Data provided START
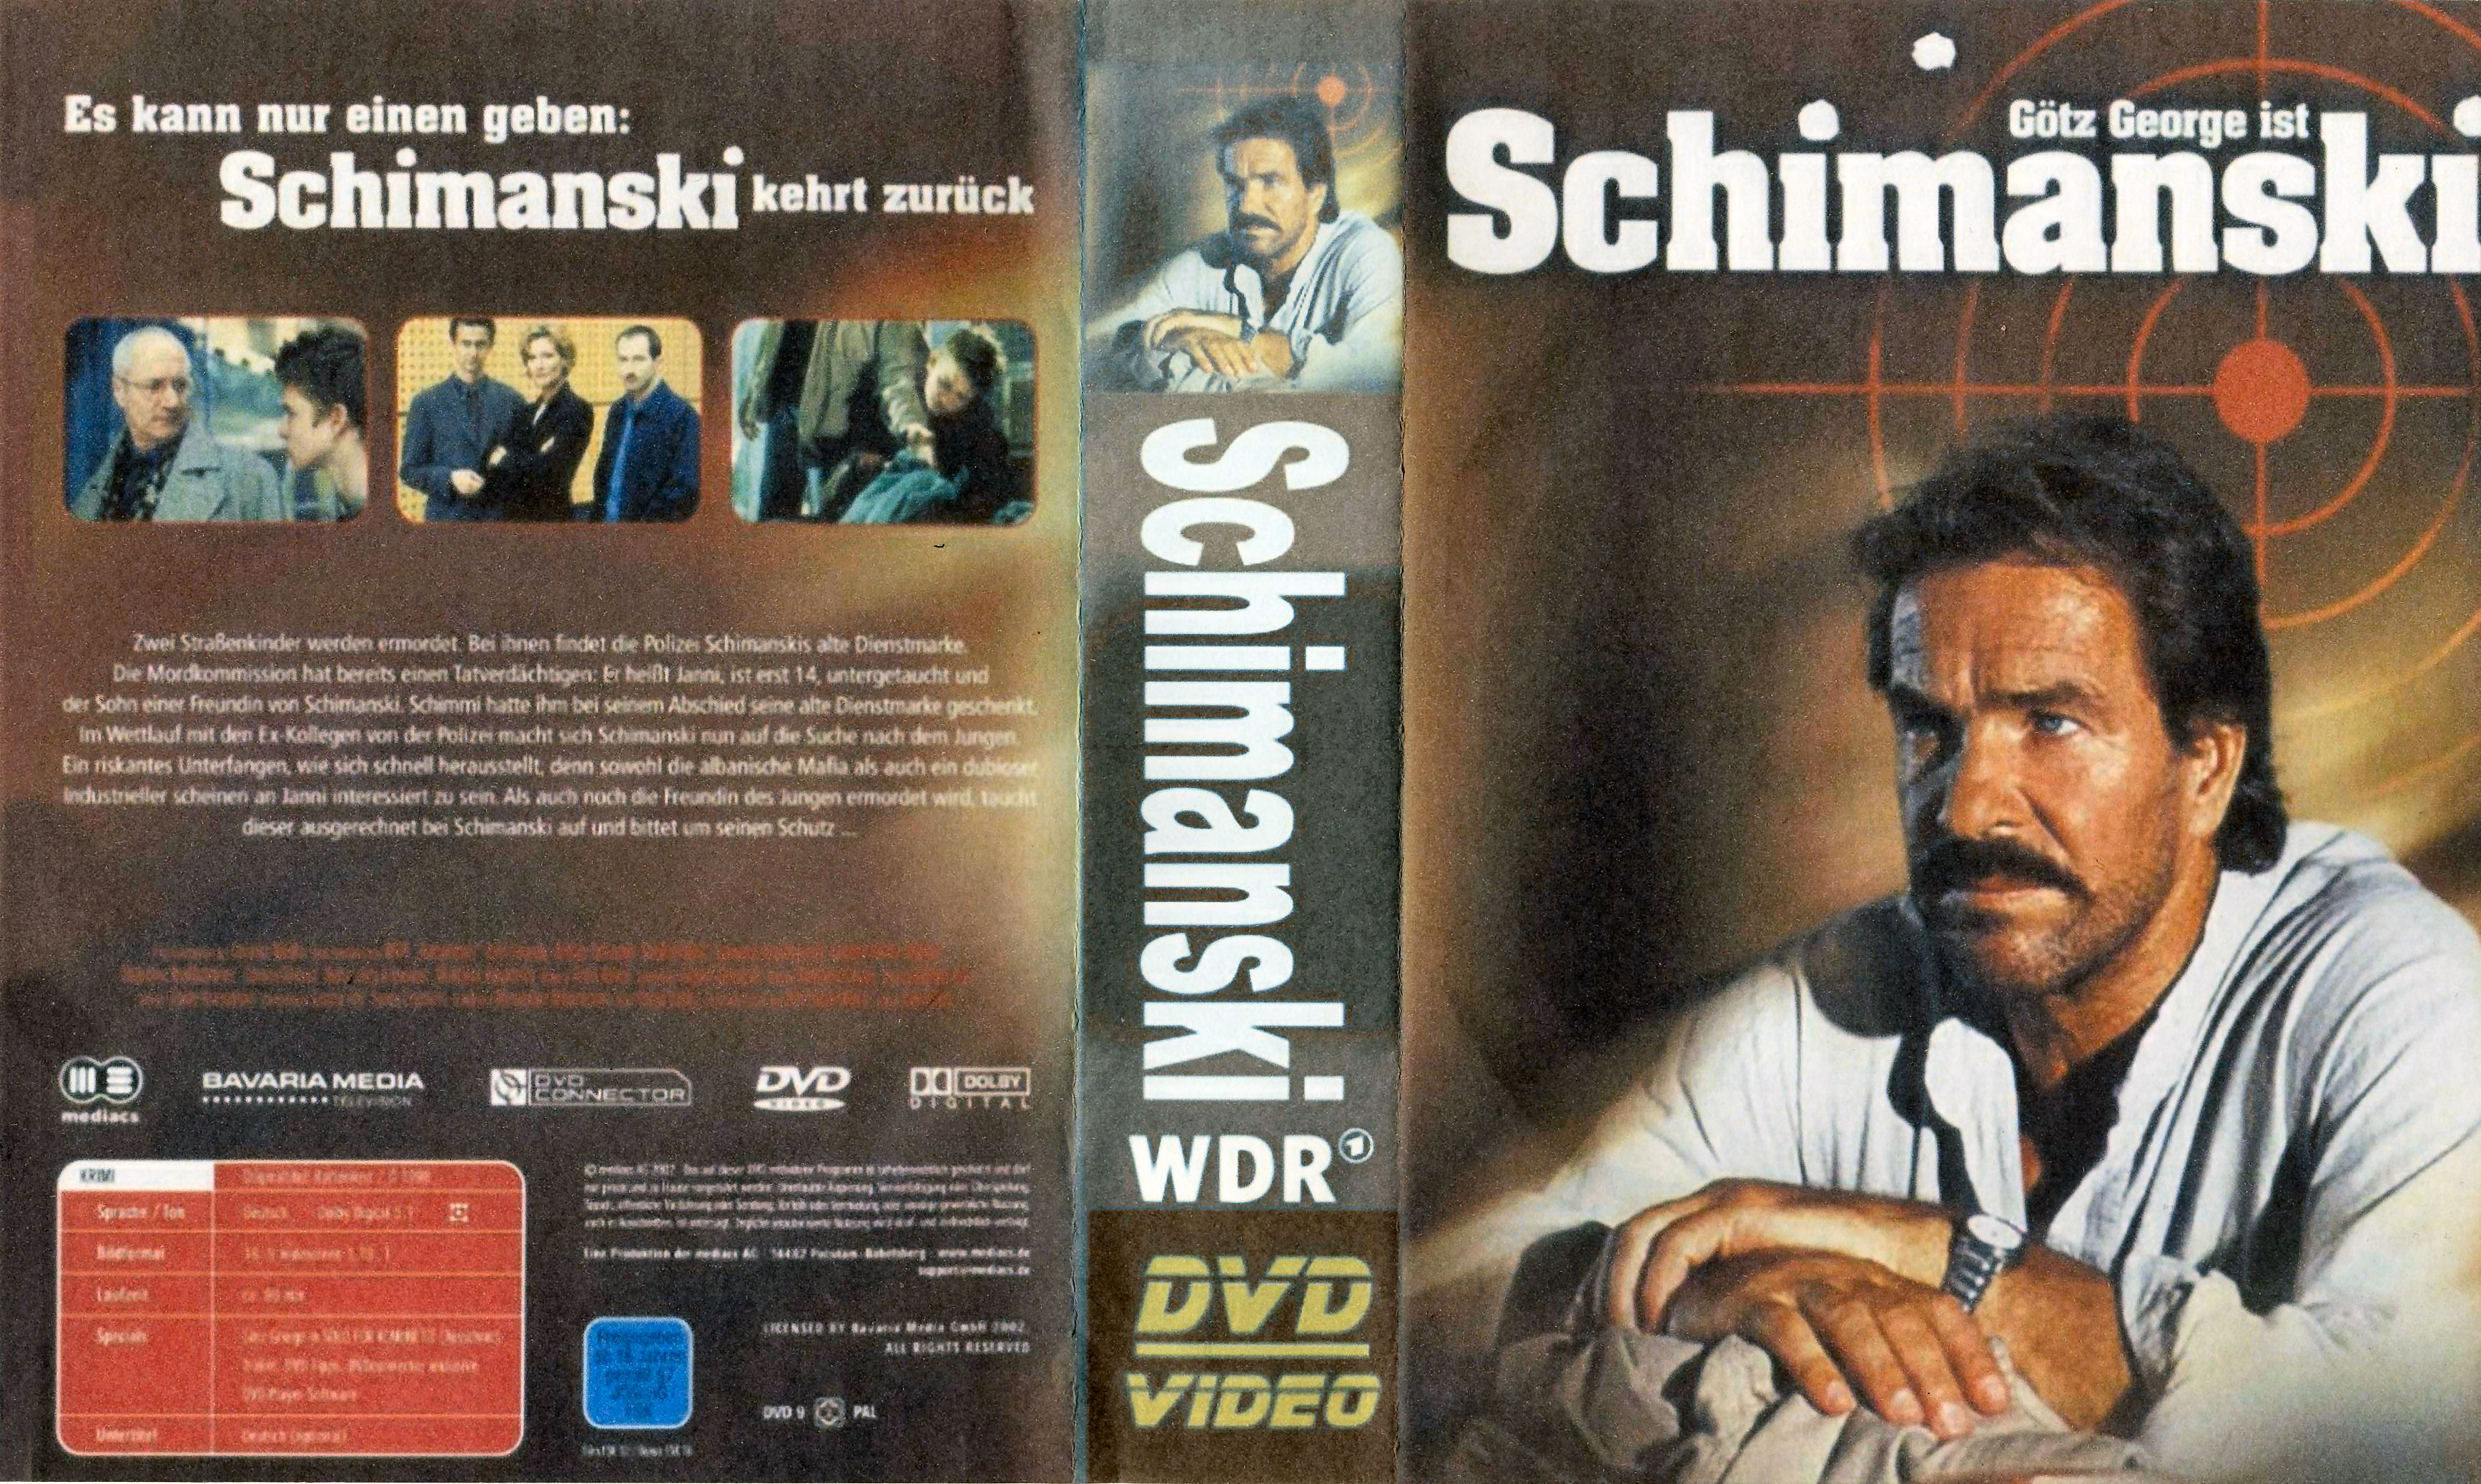 REPOST Schimanski Collectie - DvD 1
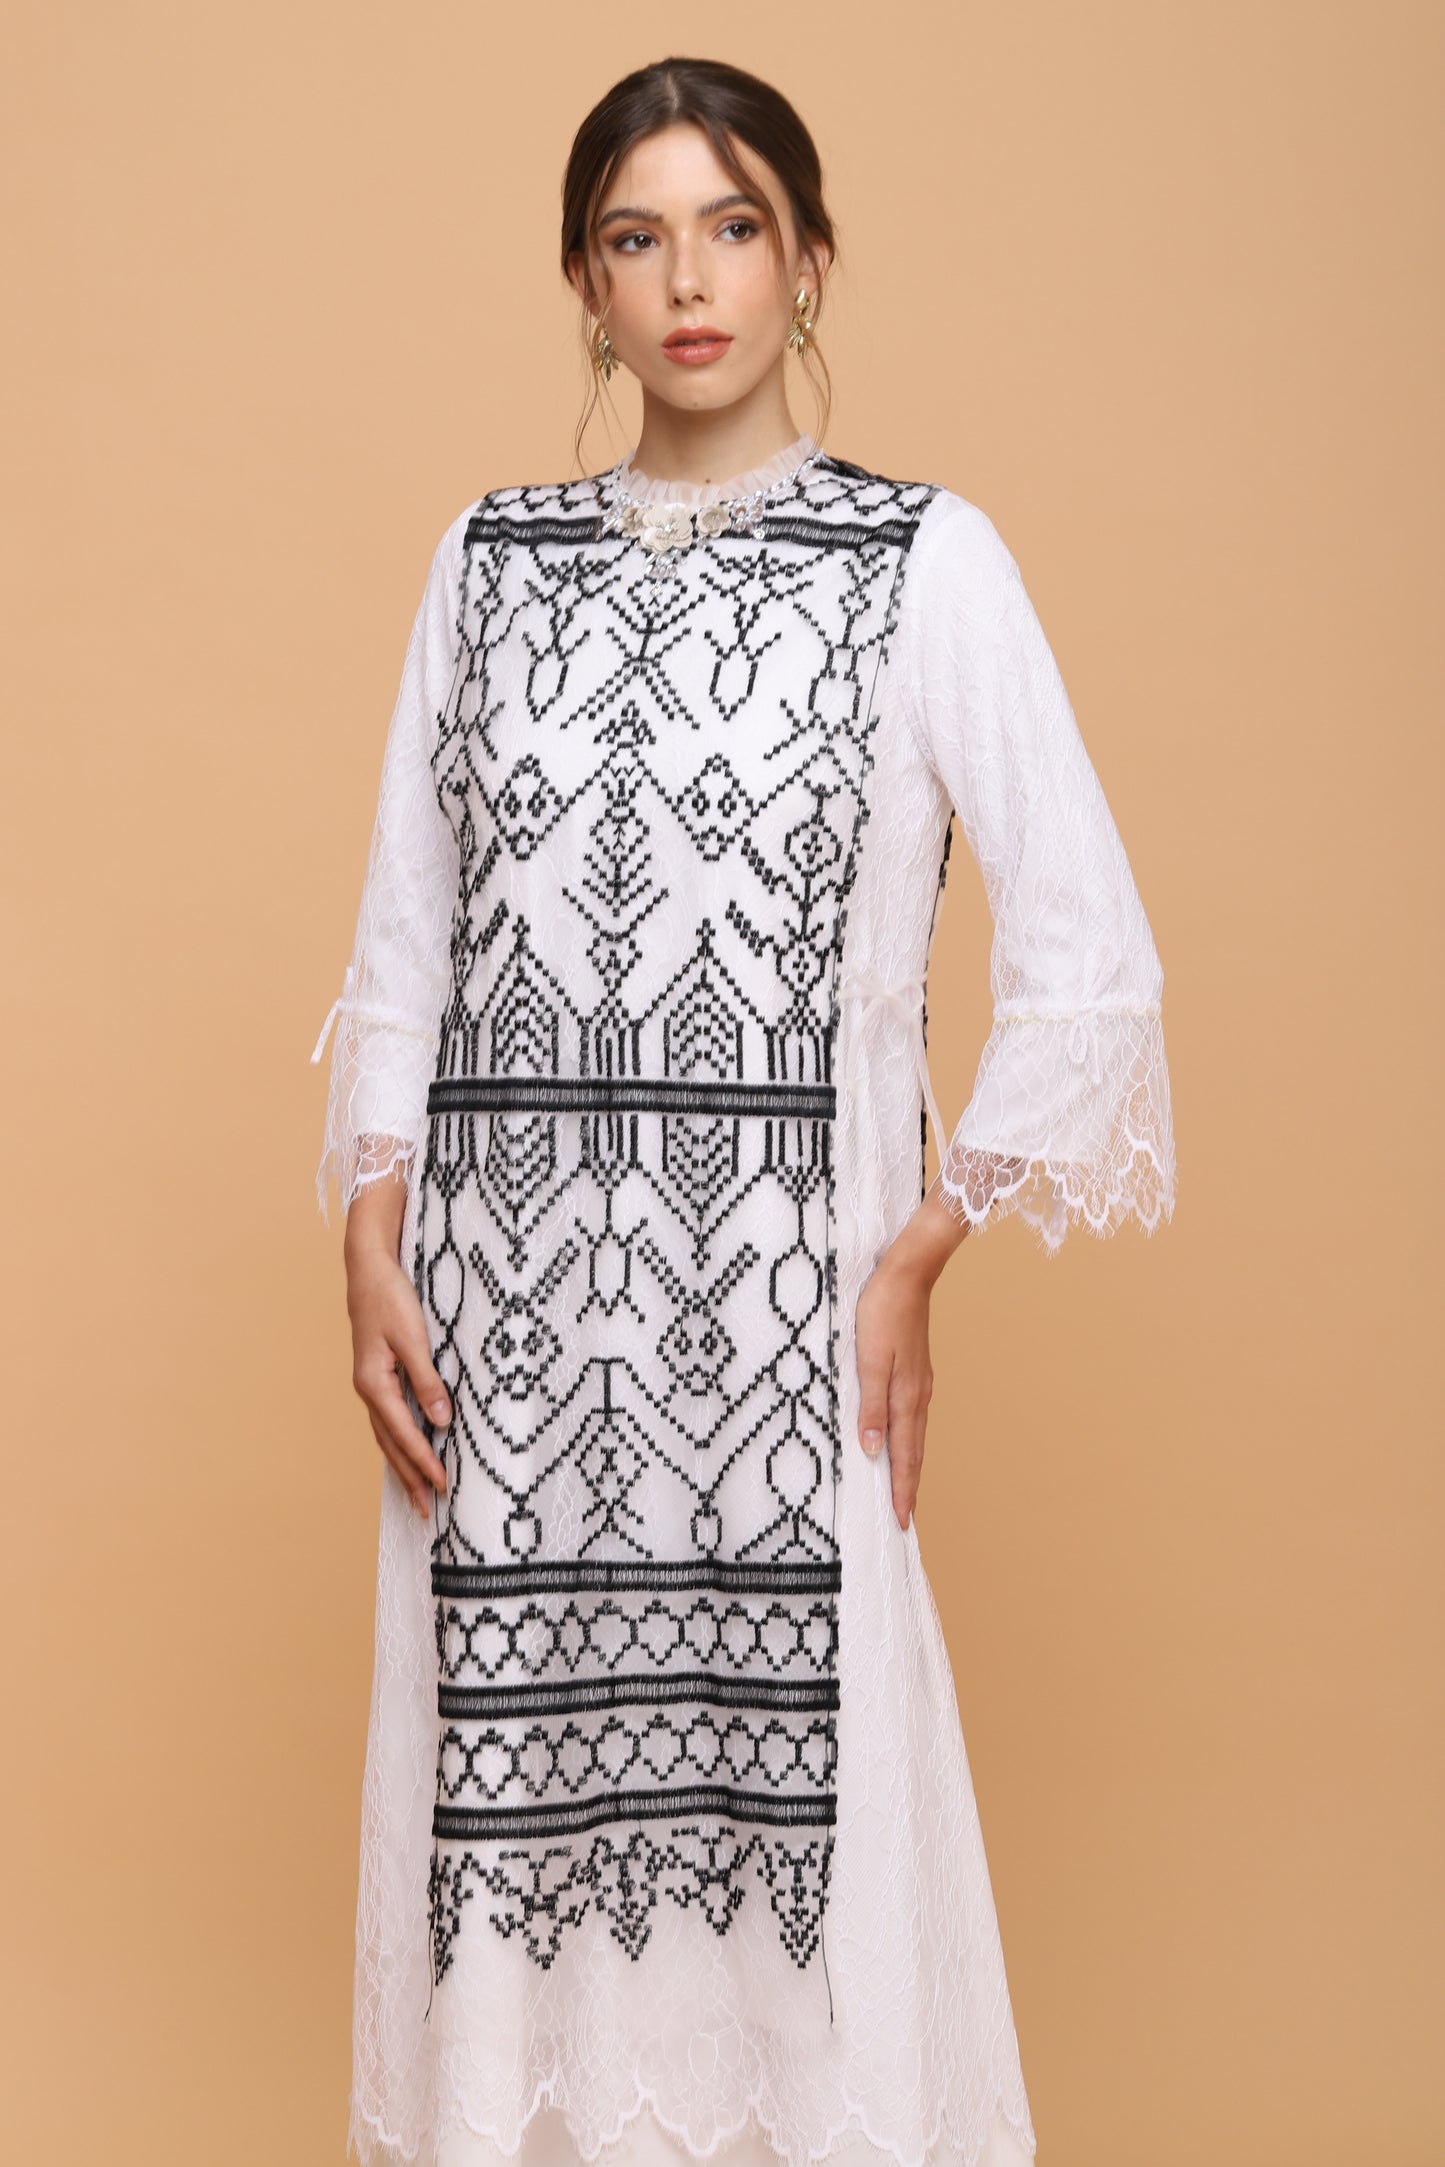 Brave - Black and White Ethnic Dress
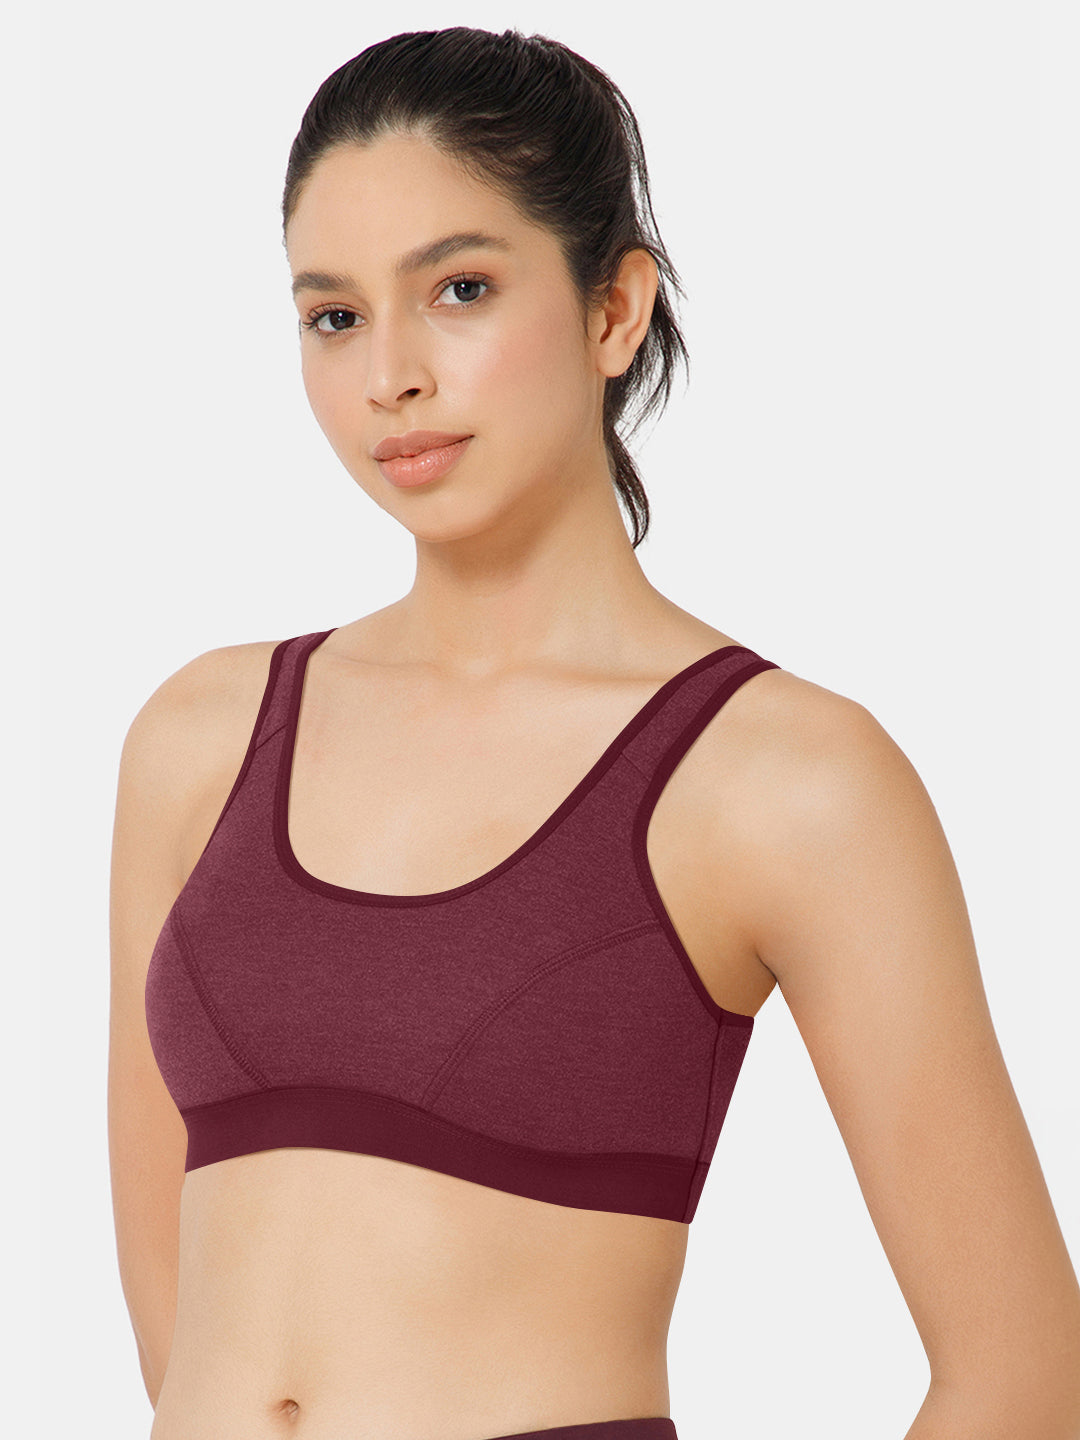 Comfortable plain cotton sports bra For High-Performance
Data provided END
▶ **Work item**
A verbatim copy of the material is needed; pictures are not to appear in it.

▶ **Answer space**
 REPOST Schimanski Collectie - DvD 1
 Brave - Black and White Ethnic Dress
 Comfortable plain cotton sports bra For High-Performance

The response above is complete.